The “relational bank account” is a way to think about the goodwill that another person has toward you. It determines how this person will respond to you, especially when you make requests or act in a way that is potentially offensive. The higher your balance, the more you can get away with – but each such behavior will lower your relational account balance. And when the relational account balance is low enough, the relationship will become strained, and then conflict-ridden.
You make deposits into the relational bank account by showing care and respect to the other person. Making good eye contact, asking about something that is important to them, listening intently, giving a sincere compliment, asking for their opinion, and speaking to them respectfully are all ways of making deposits. You can make even larger deposits by going out of your way to give them something they need or want, or by entrusting them with something that they know is important to you.
You make withdrawals from the relational bank account by asking them to do something for you. When you ask someone to do something for you, the way in which you make the request will have a big impact on the size of the withdrawal you are making. For example, when you ask someone to be quiet while another group member is talking, you can catch their eye, smile, and put your finger to your lips in a “shh” motion, and then smile and nod again when you see they are quiet (small withdrawal), or you could say loudly “David, you are being very disrespectful! Please be quiet when other students are talking! Is this what they teach you at home, to ignore other people when they’re talking?” (huge withdrawal).

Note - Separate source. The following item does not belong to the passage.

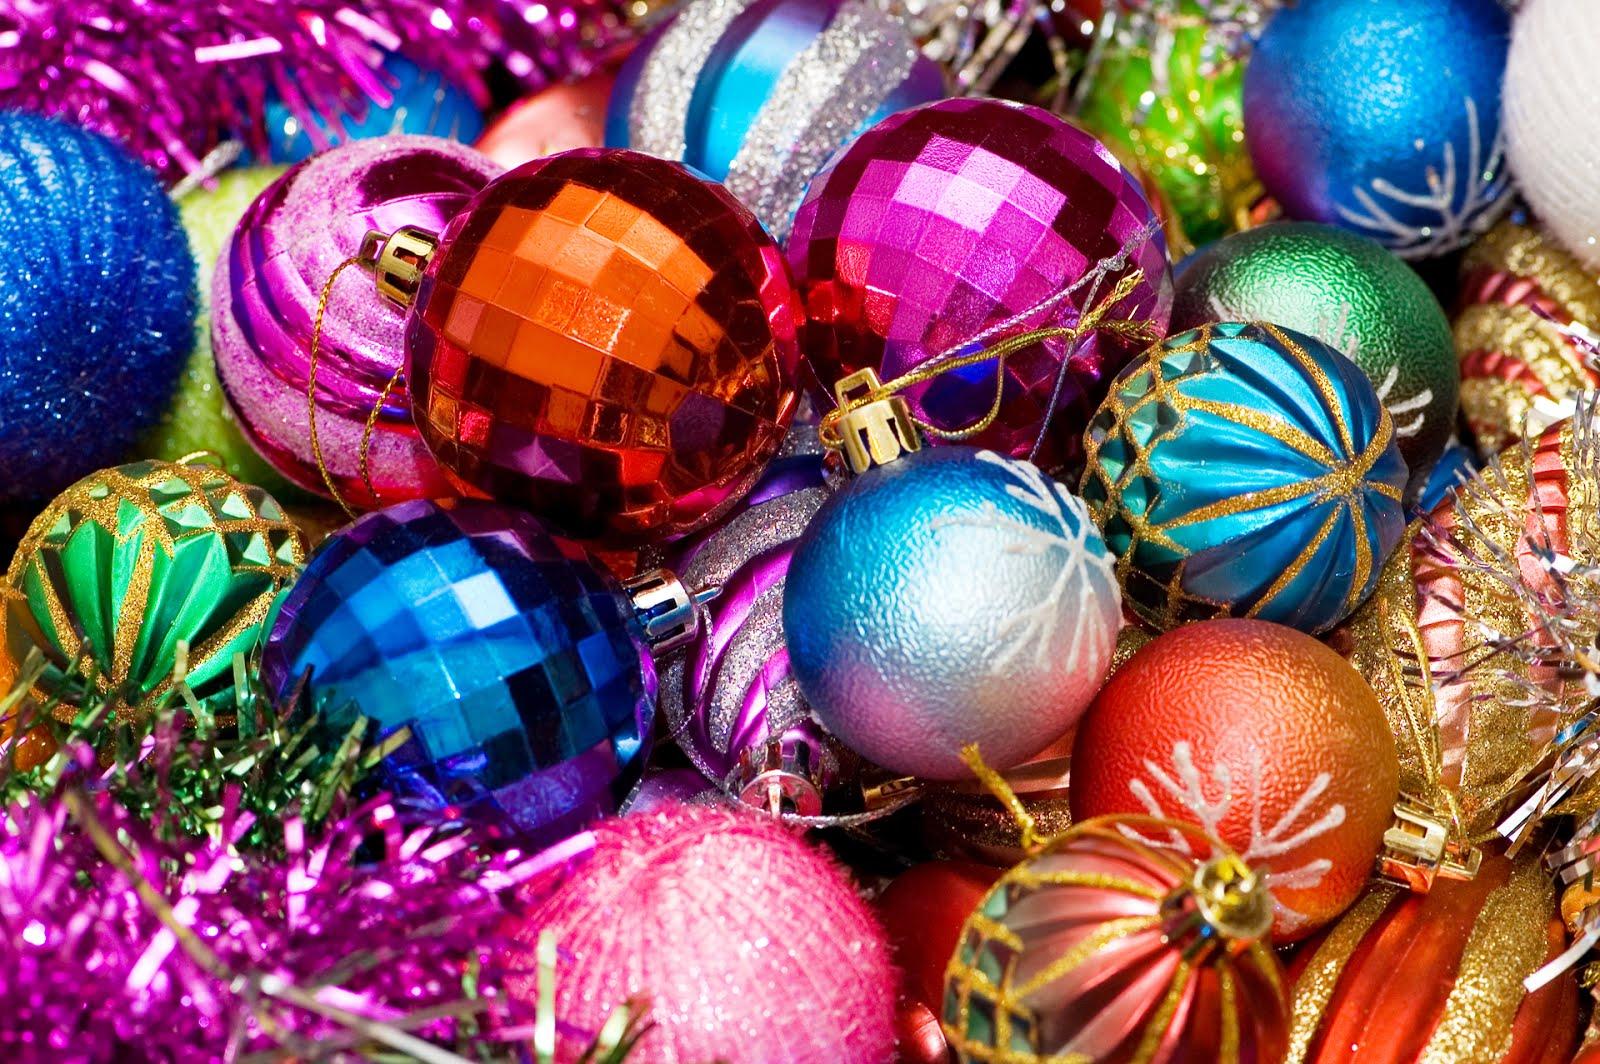 Esfera al parecer en un principio san bonifacio adorn e - Esferas de navidad ...
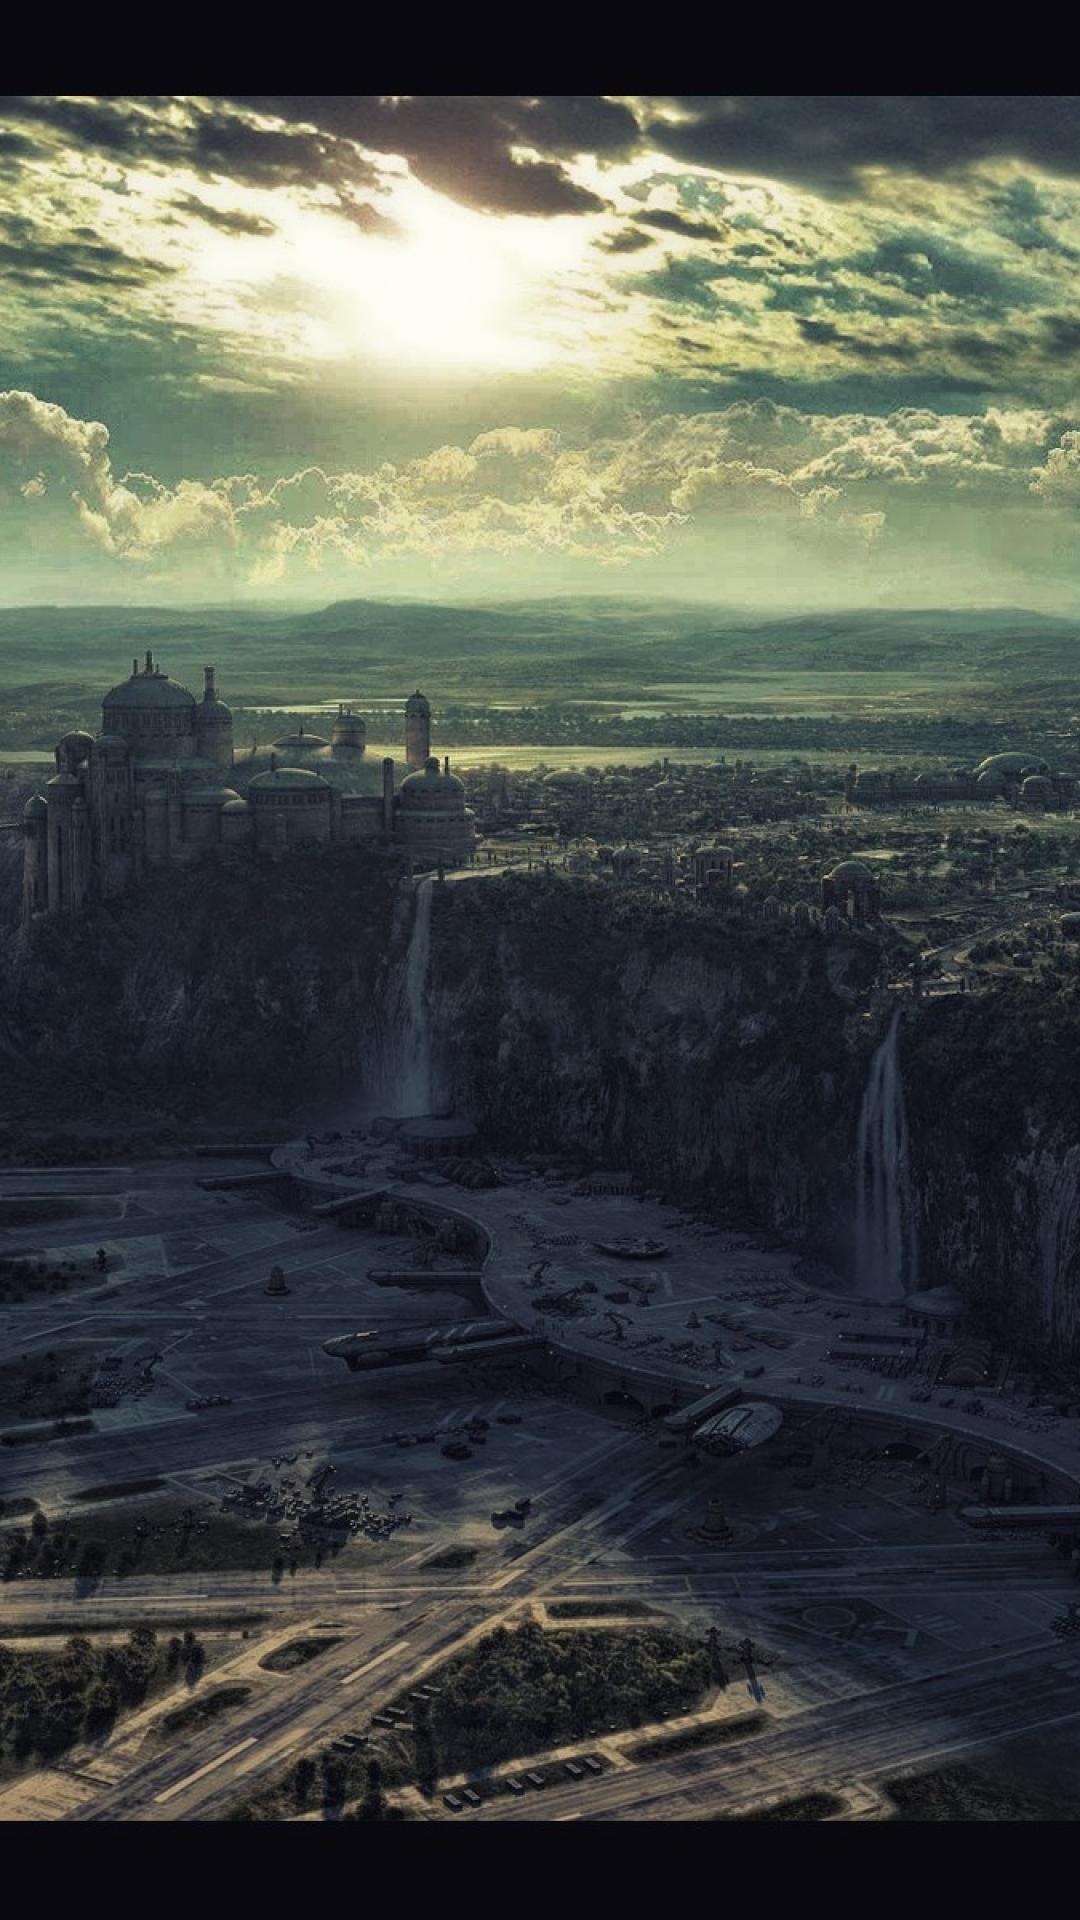 Naboo star wars landscapes HD wallpaper 1080x1920

It’s okay to ask others to do things, and a pattern of reciprocation (I’ll do what you ask, and you’ll do what I ask) is a powerful foundation for a relationship, as I discussed in a previous post about Sharing Power. When your relational account balance is high, you can afford to make some withdrawals – and, when you have a very high relational account balance, the other person may grant you “unlimited credit”, just like a bank does with its wealthiest clients. But when your relational balance is low, making a request is likely to result in grumbles or some resentment, or with downright refusal to do as you ask.
Strive to make constant deposits into your relational bank account with every person you interact with. Take a moment to give a sincere compliment (“I’m so glad you’re my neighbor”); consult with the other person about something that is meaningful for you, whether it’s relatively insignificant (“I’m trying to decide which of these two movies to watch – what do you think?”) or very important (“Can I ask for your opinion about this problem I’m having at work?”). Remember that every interaction results in a change to your relational account balance with the other person – it either goes down or it goes up. Keep this in mind, and aim to increase your account balance whenever possible.
For the next few days, try to be mindful of your relational bank account balance with people you interact with, and especially people who are close to you or with whom you interact frequently. Make many deposits, and be mindful of withdrawals. After doing this for a few days, you will probably improve your relational account balance in many of these relationships, and interactions will become smoother. Come back and share your observations in the comments section for this post. We would love to hear how your experiment turned out.
Acknowledgement: The concept of the relational account is based on Stephen Covey‘s concept of an emotional bank account, which he introduced in his excellent book the Seven Habits of Highly Effective People. Although closely related, the two concepts are distinct. For example, in the Emotional bank account framework, one should avoid making withdrawals and apologize for them.In the relational account framework, withdrawals are a normal part of a relationship and, indeed, can strengthen a relationship, as long as one remains mindful of keeping an overall positive relational account balance. Such differences notwithstanding, I wanted to recognize Covey’s immense contribution to the field of interpersonal relationships, and the foundational importance of his model of the emotional bank account.